The centers will open in March at the Levy Place Center in east Nashville and in south Nashville at the Casa Azafran Community Center. Satellite locations will be housed at United Way’s 18 Family Resource Centers, Metro Action Commission, Metro Social Services and state offices that provide welfare benefits through the Temporary Assistance to Needy Families program.

“Providing Nashville’s most at-risk residents with yet another tool to improve their finances is an important element of United Way’s rich portfolio of work in the area of Financial Stability,” AT&T Southeast Region President and incoming 2013 Board Chair of United Way of Metropolitan Nashville Gregg Morton said.

The Financial Empowerment Center initiative is the latest investment from Bloomberg Philanthropies’ Mayors Project, the government innovation program which seeks to spread proven and promising ideas among cities.

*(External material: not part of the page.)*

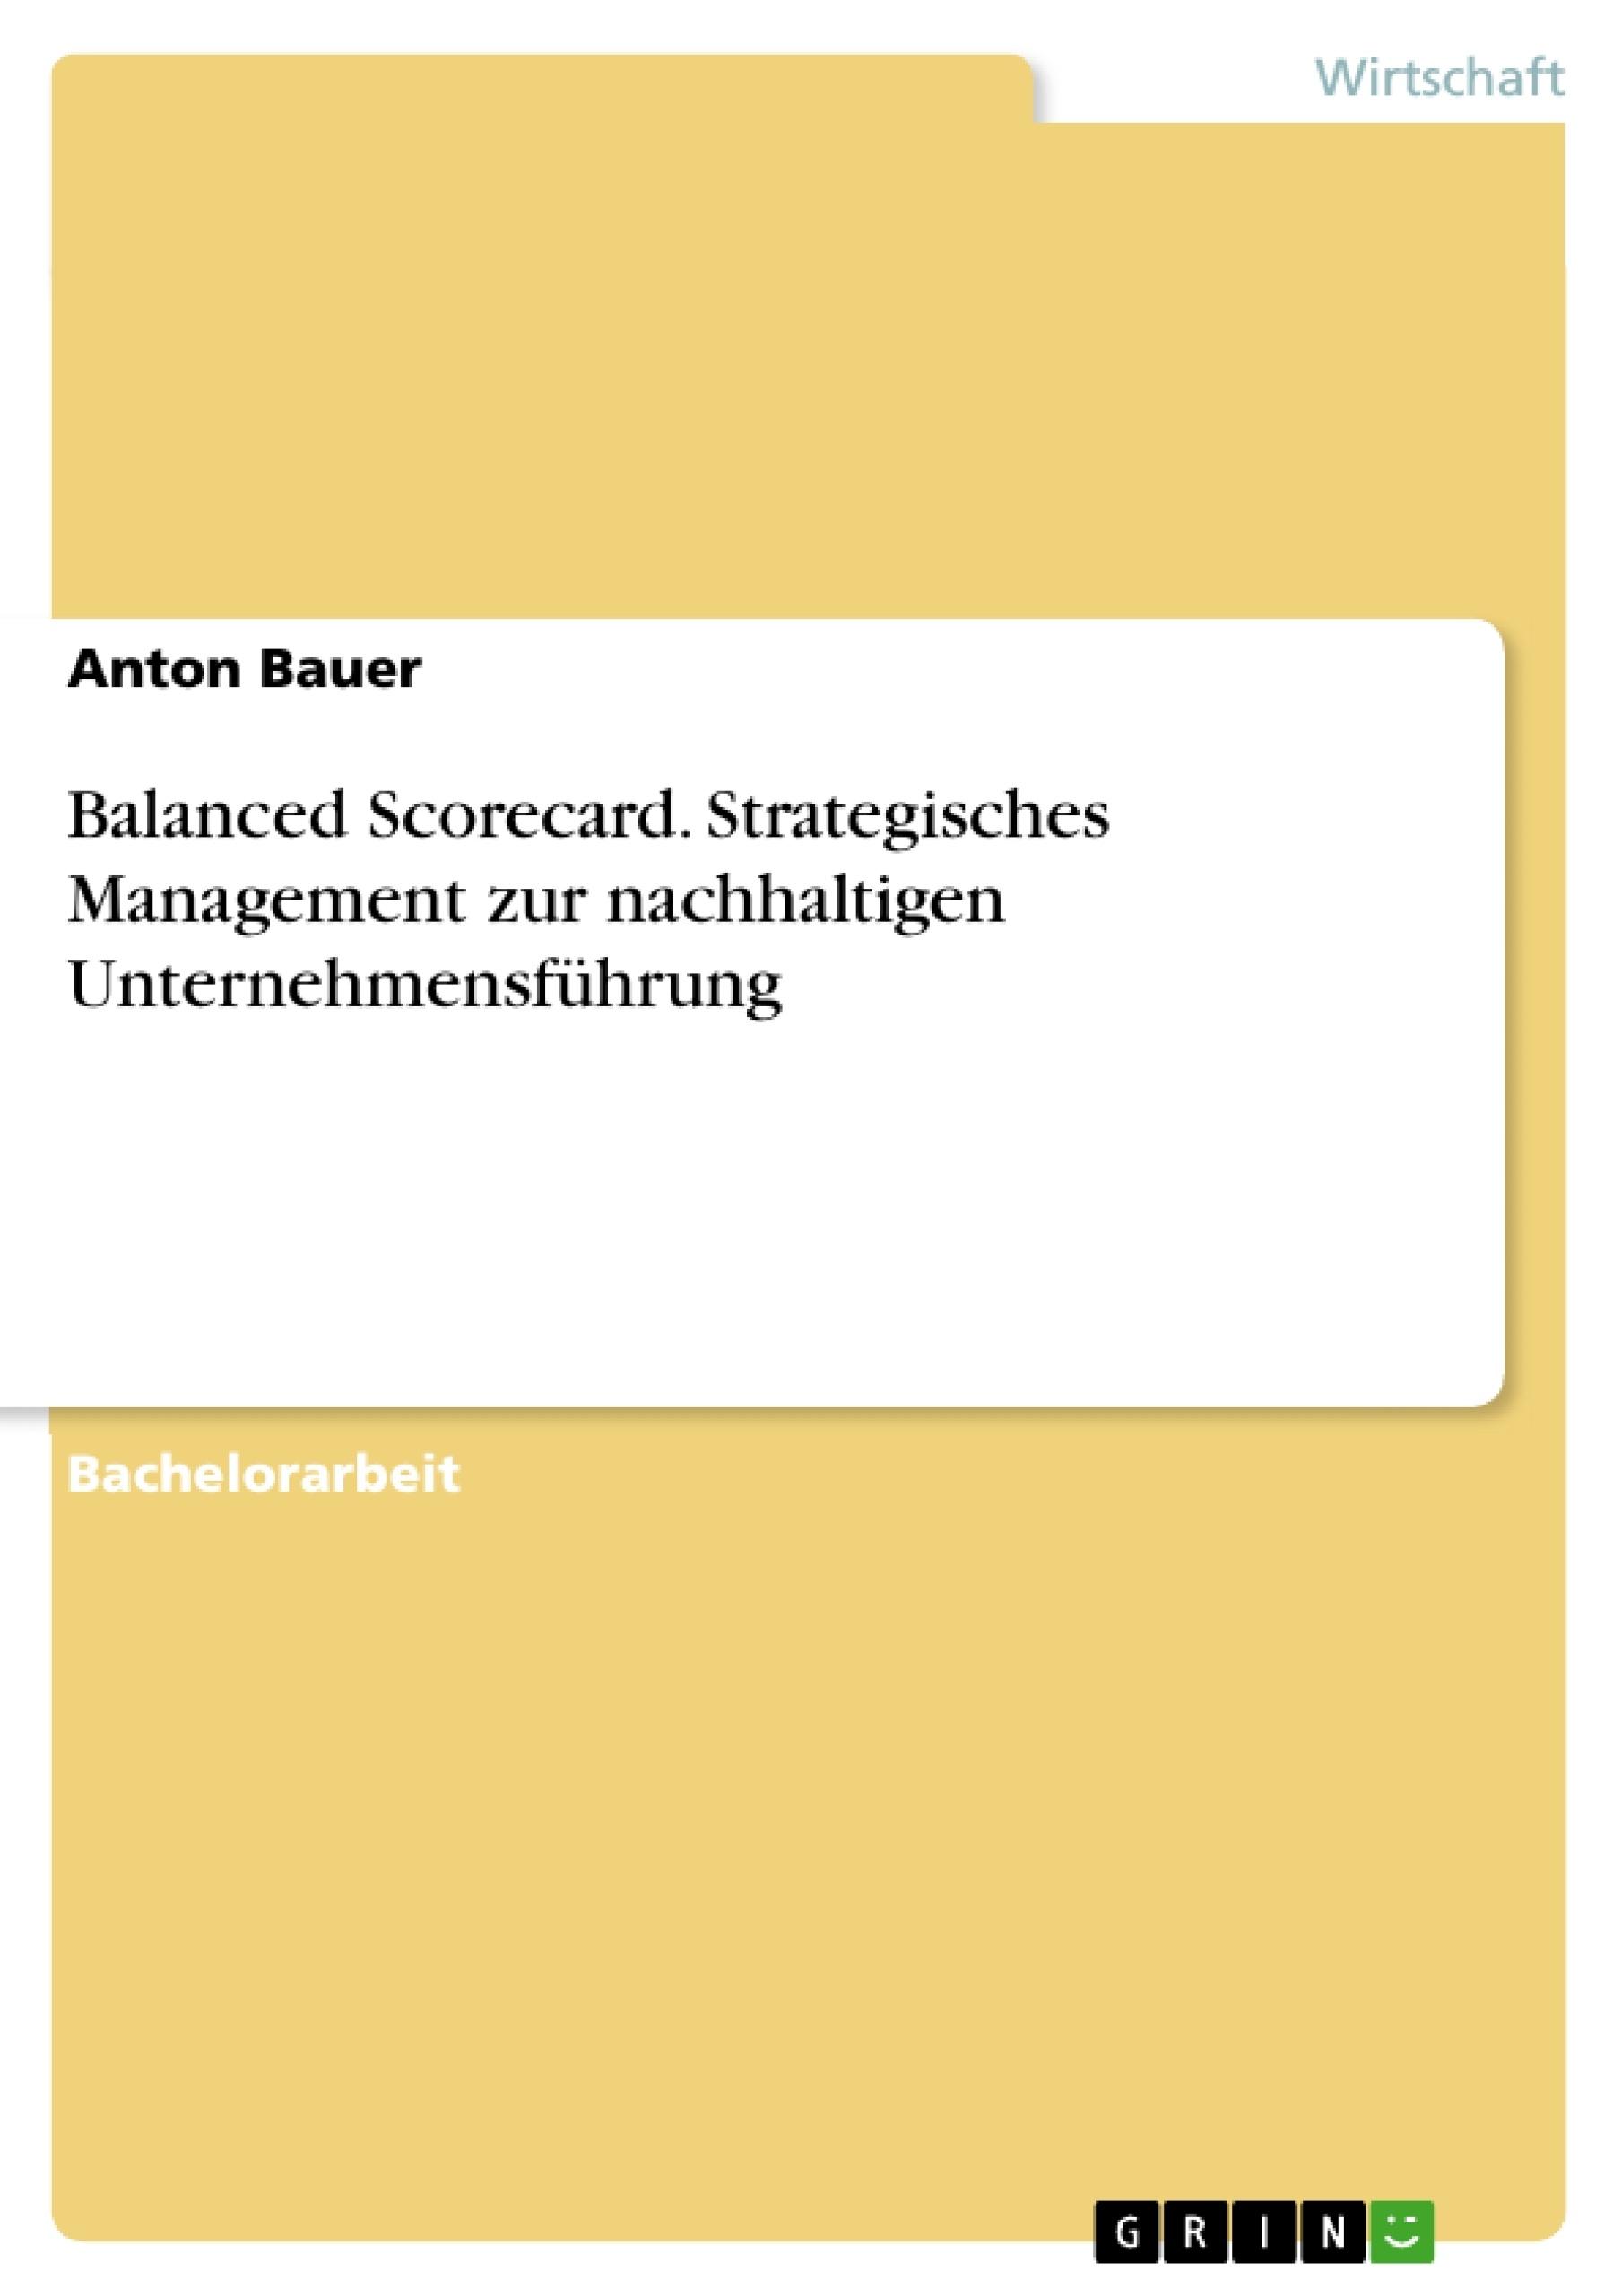 Titel: Balanced Scorecard. Strategisches Management zur nachhaltigen Unternehmensführung

“The city of Nashville has demonstrated a real desire to help families achieve long-term financial stability,” said New York City Mayor and philanthropist Michael R. Bloomberg. “The Mayors Project at Bloomberg Philanthropies spreads effective solutions to challenges that cities across the country are facing. We hope through this grant that the effective Financial Empowerment Center model will create measurable change for low-income residents in Nashville.”